> **Problem requirements**
Would you retype exactly the lines from the one holding "M HKA presents" through the last line of the listing, and only those, without pictures?

> **Data excerpt**

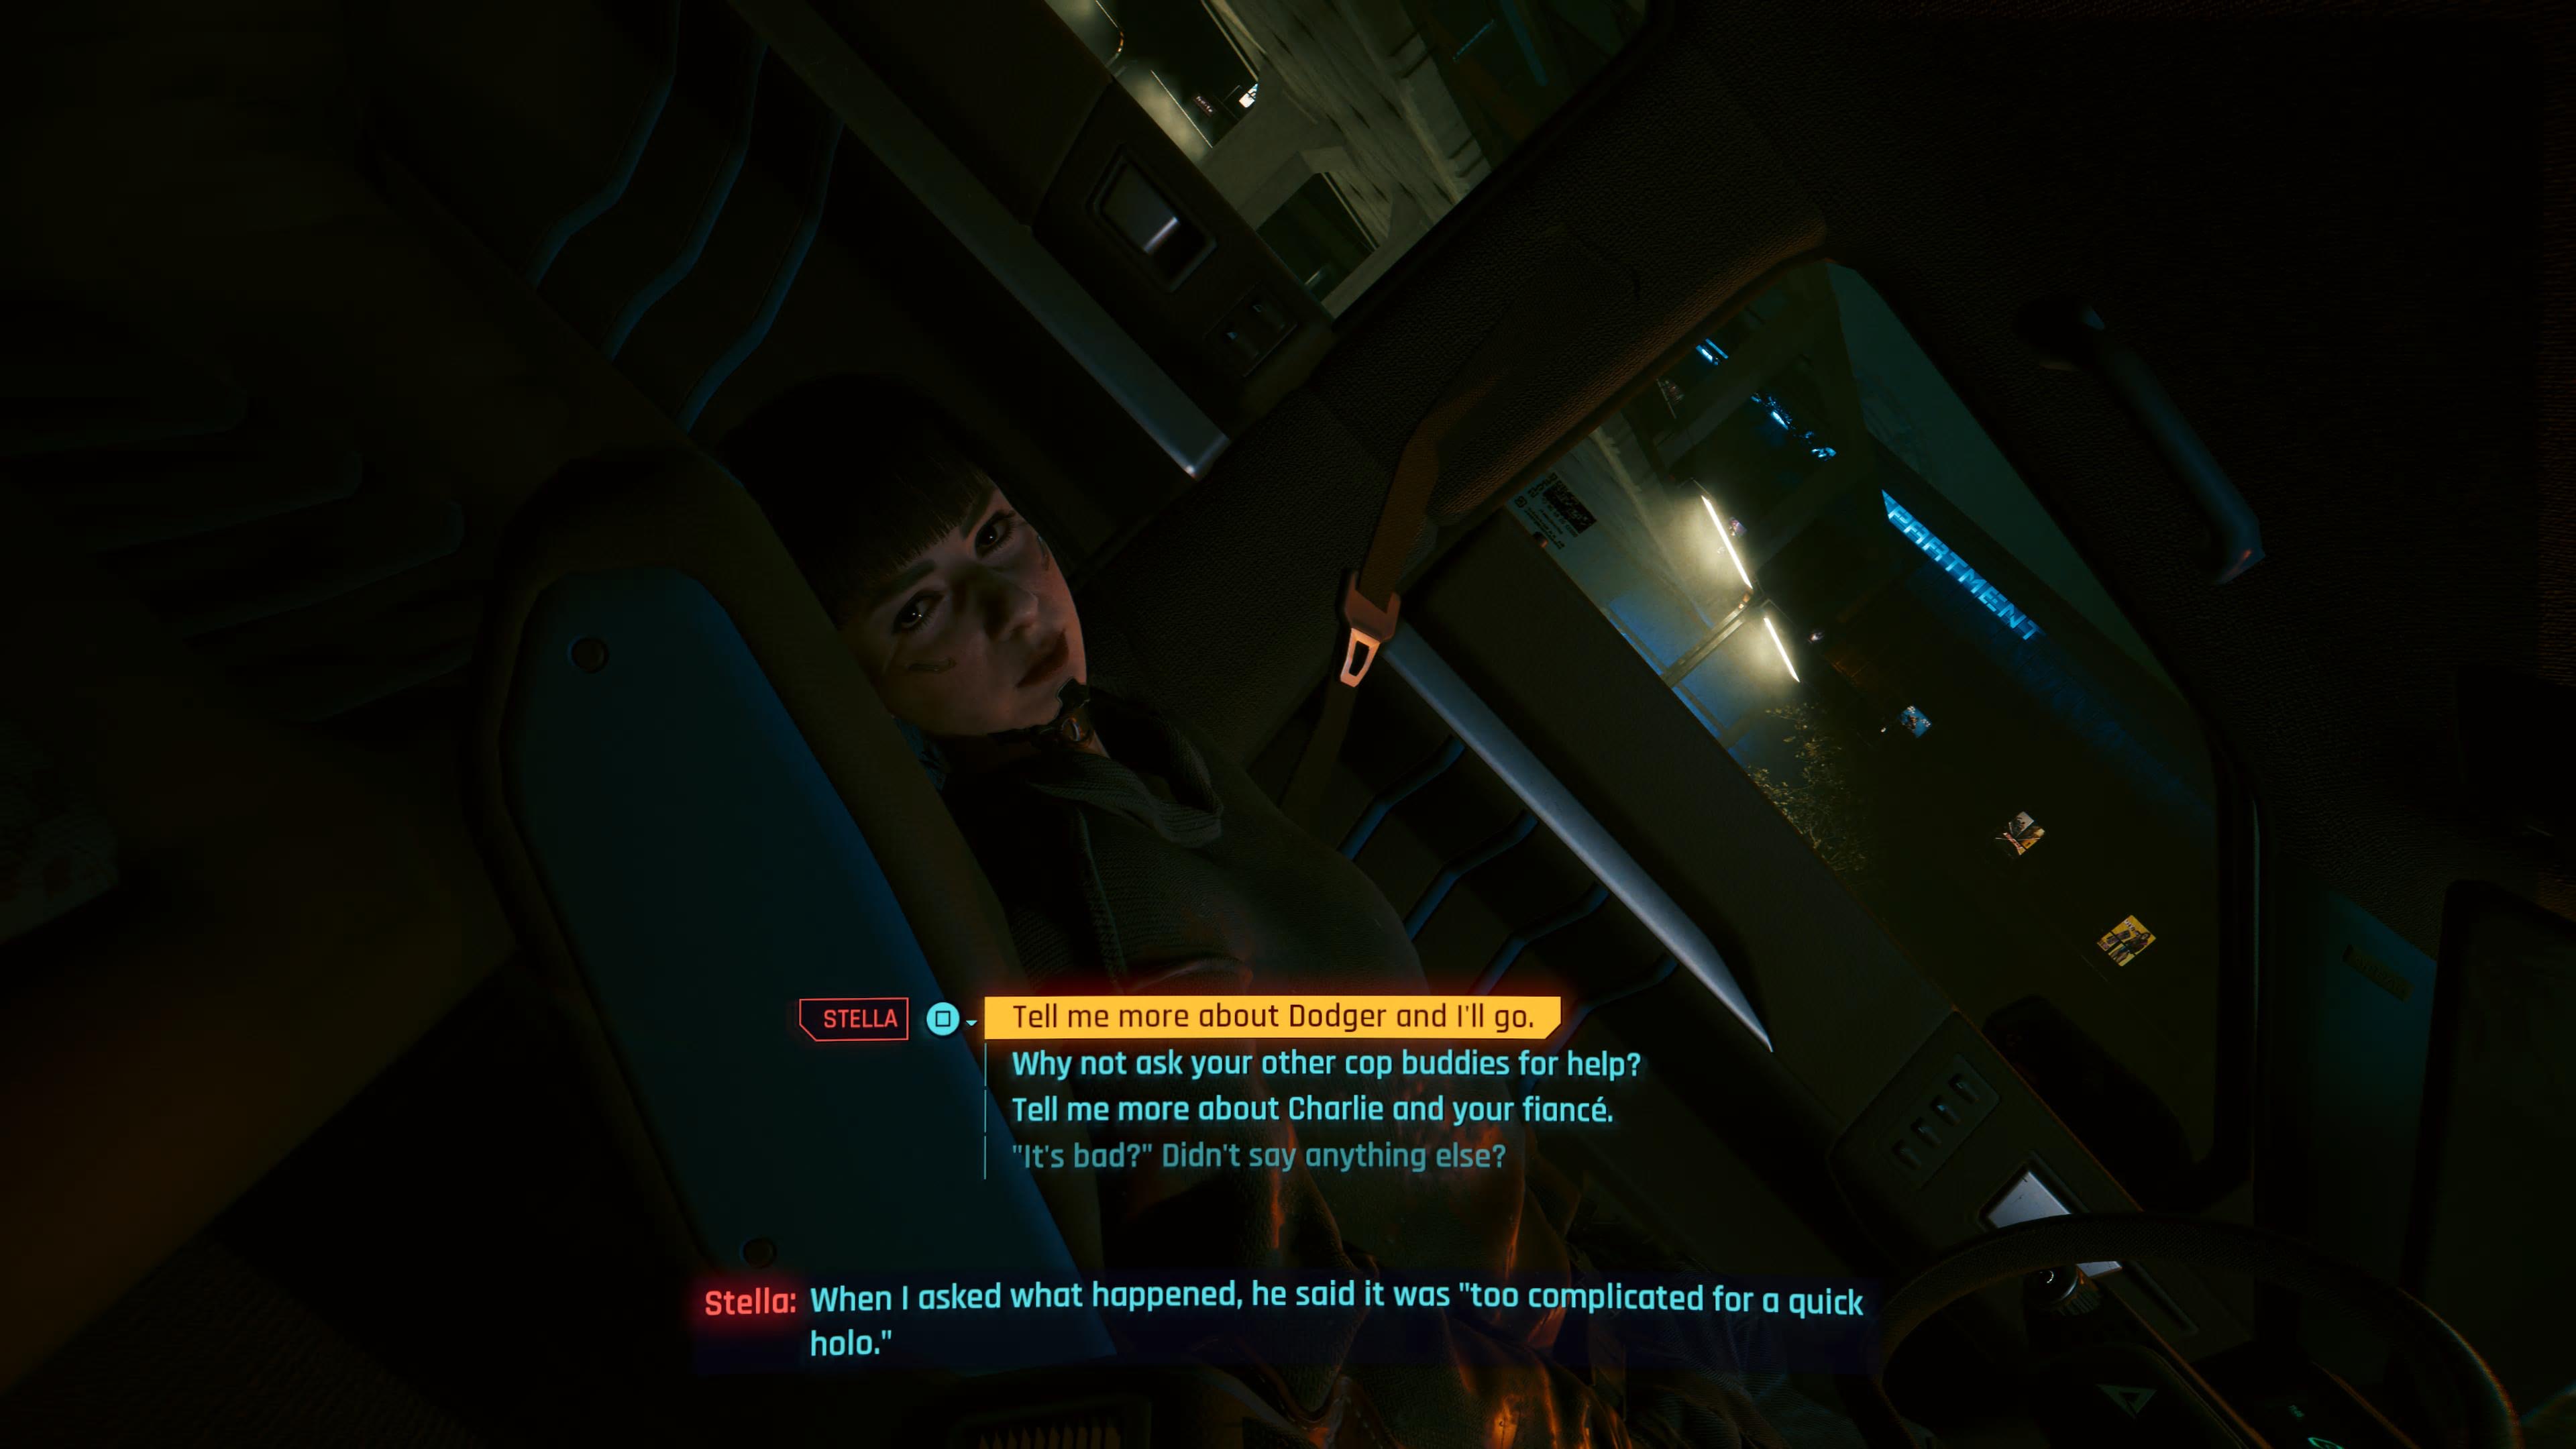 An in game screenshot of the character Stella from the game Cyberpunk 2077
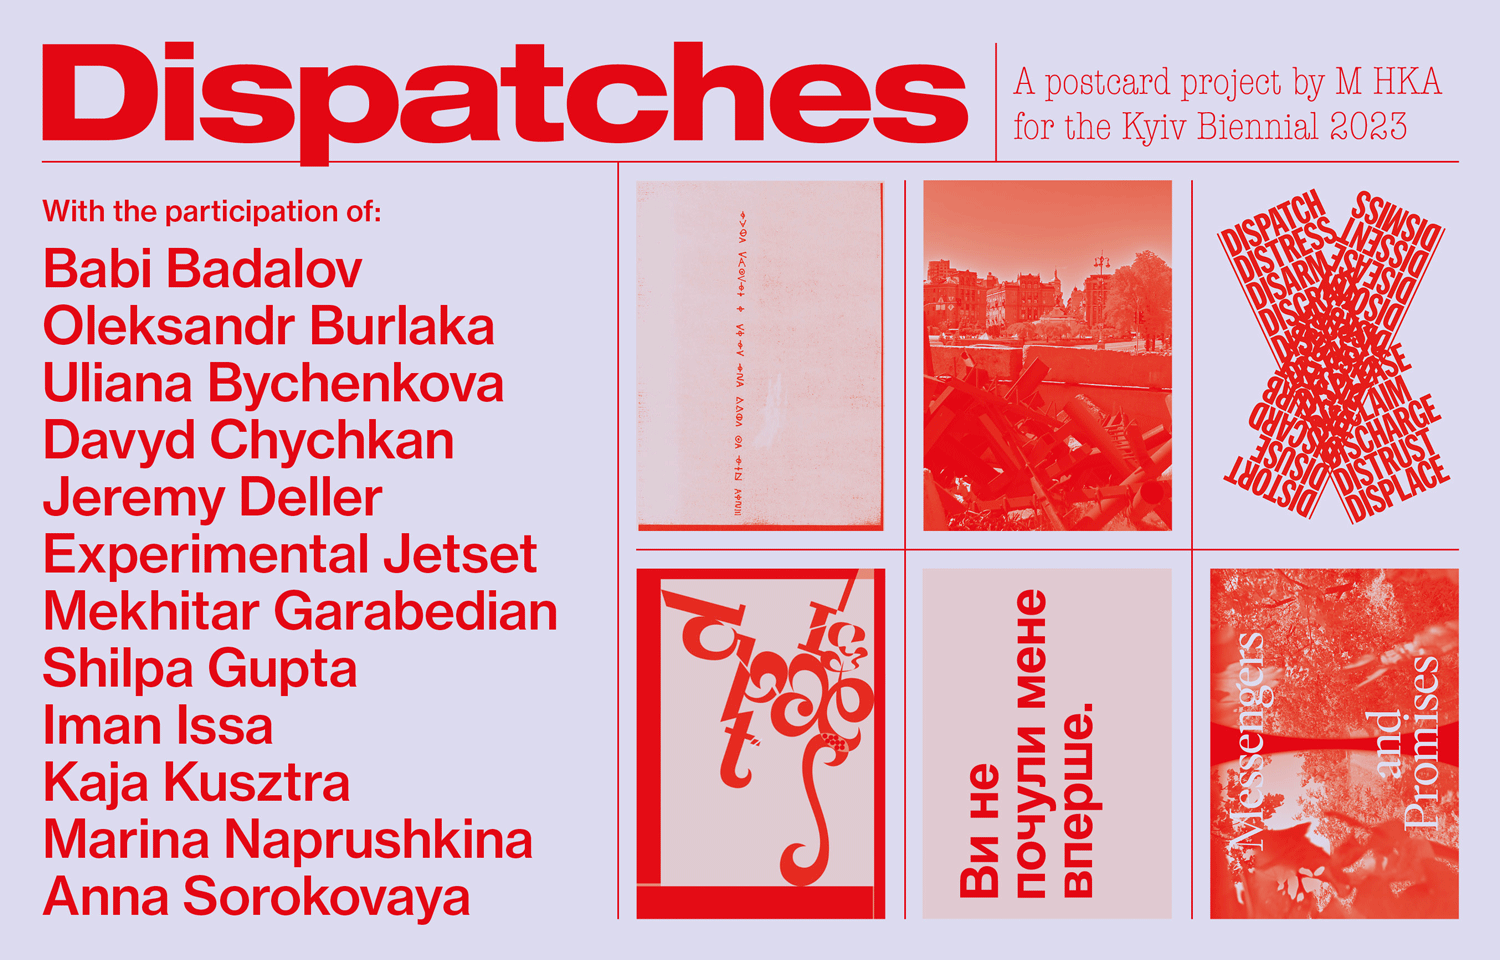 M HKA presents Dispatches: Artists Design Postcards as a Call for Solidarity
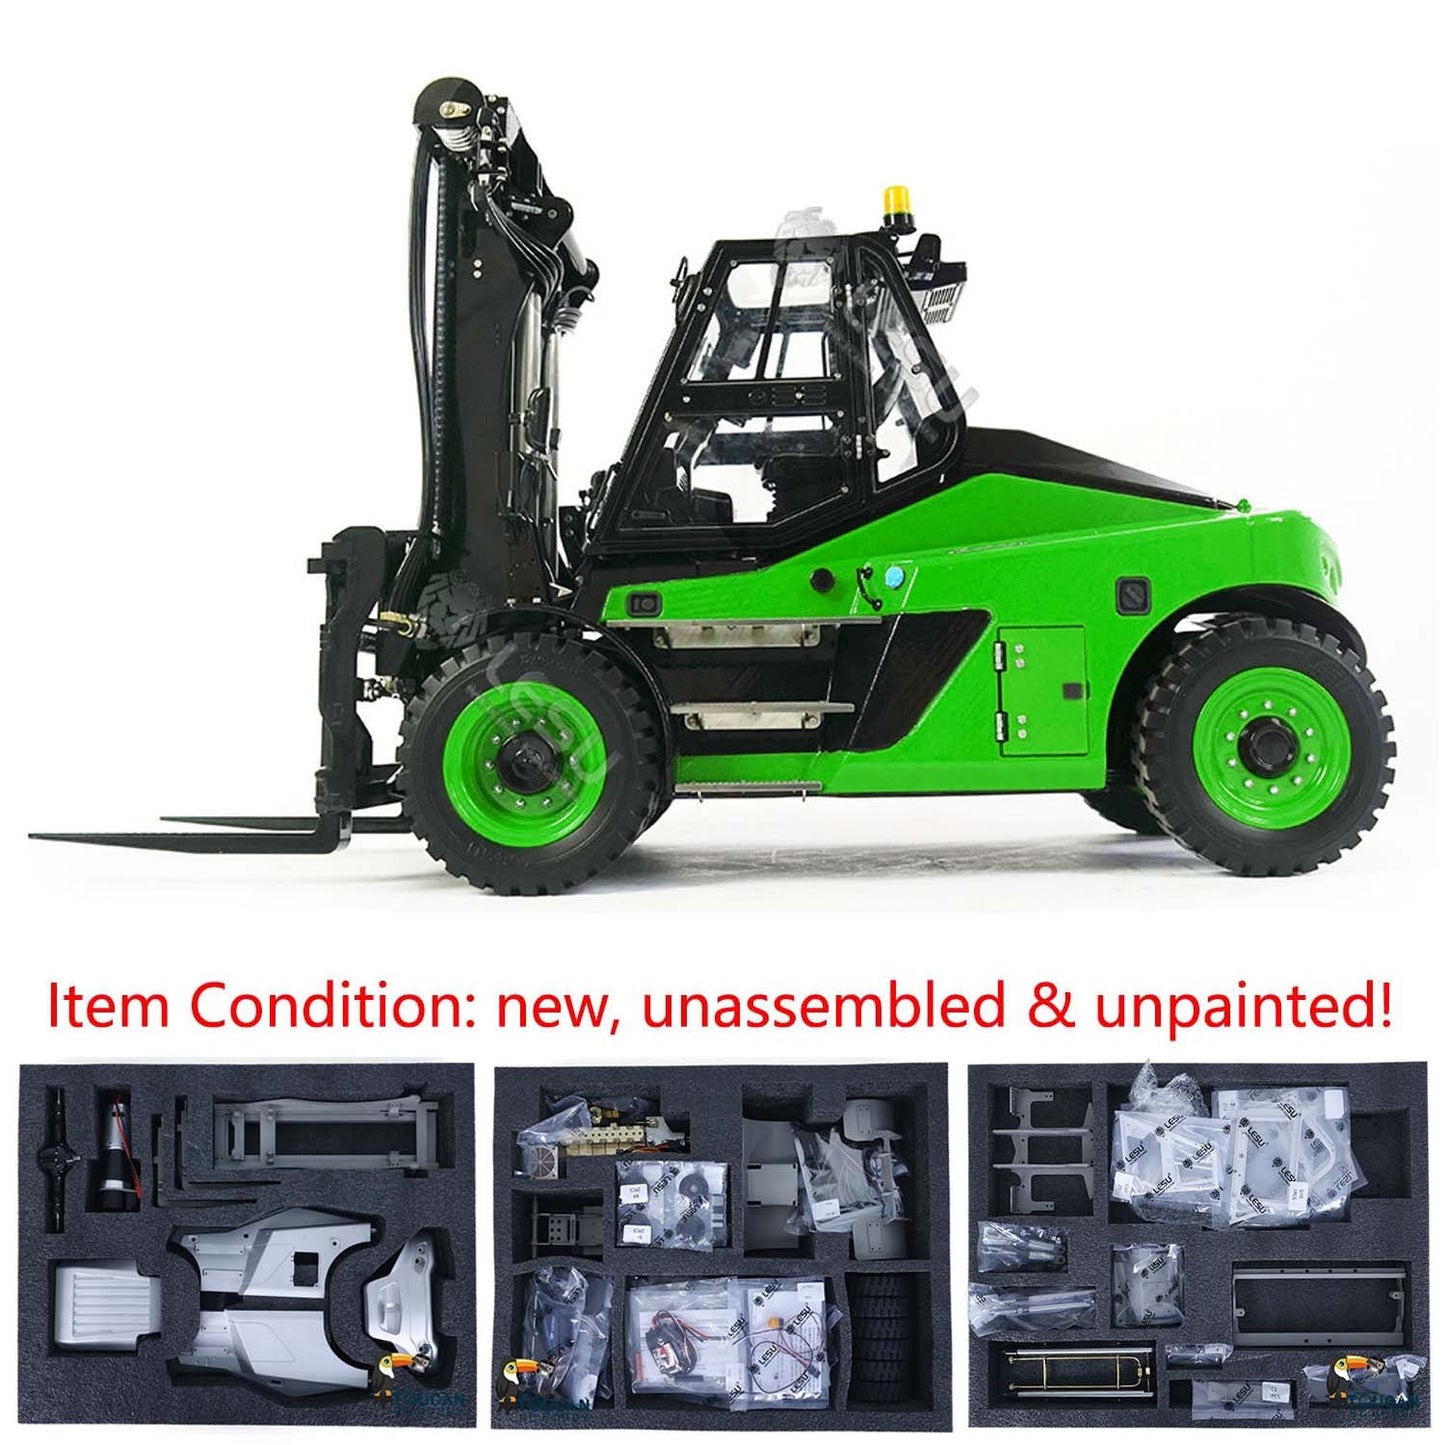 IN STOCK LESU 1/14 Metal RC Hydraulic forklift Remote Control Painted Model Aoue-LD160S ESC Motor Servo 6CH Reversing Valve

> **Exercise result**
 M HKA presents Dispatches: Artists Design Postcards as a Call for Solidarity
 IN STOCK LESU 1/14 Metal RC Hydraulic forklift Remote Control Painted Model Aoue-LD160S ESC Motor Servo 6CH Reversing Valve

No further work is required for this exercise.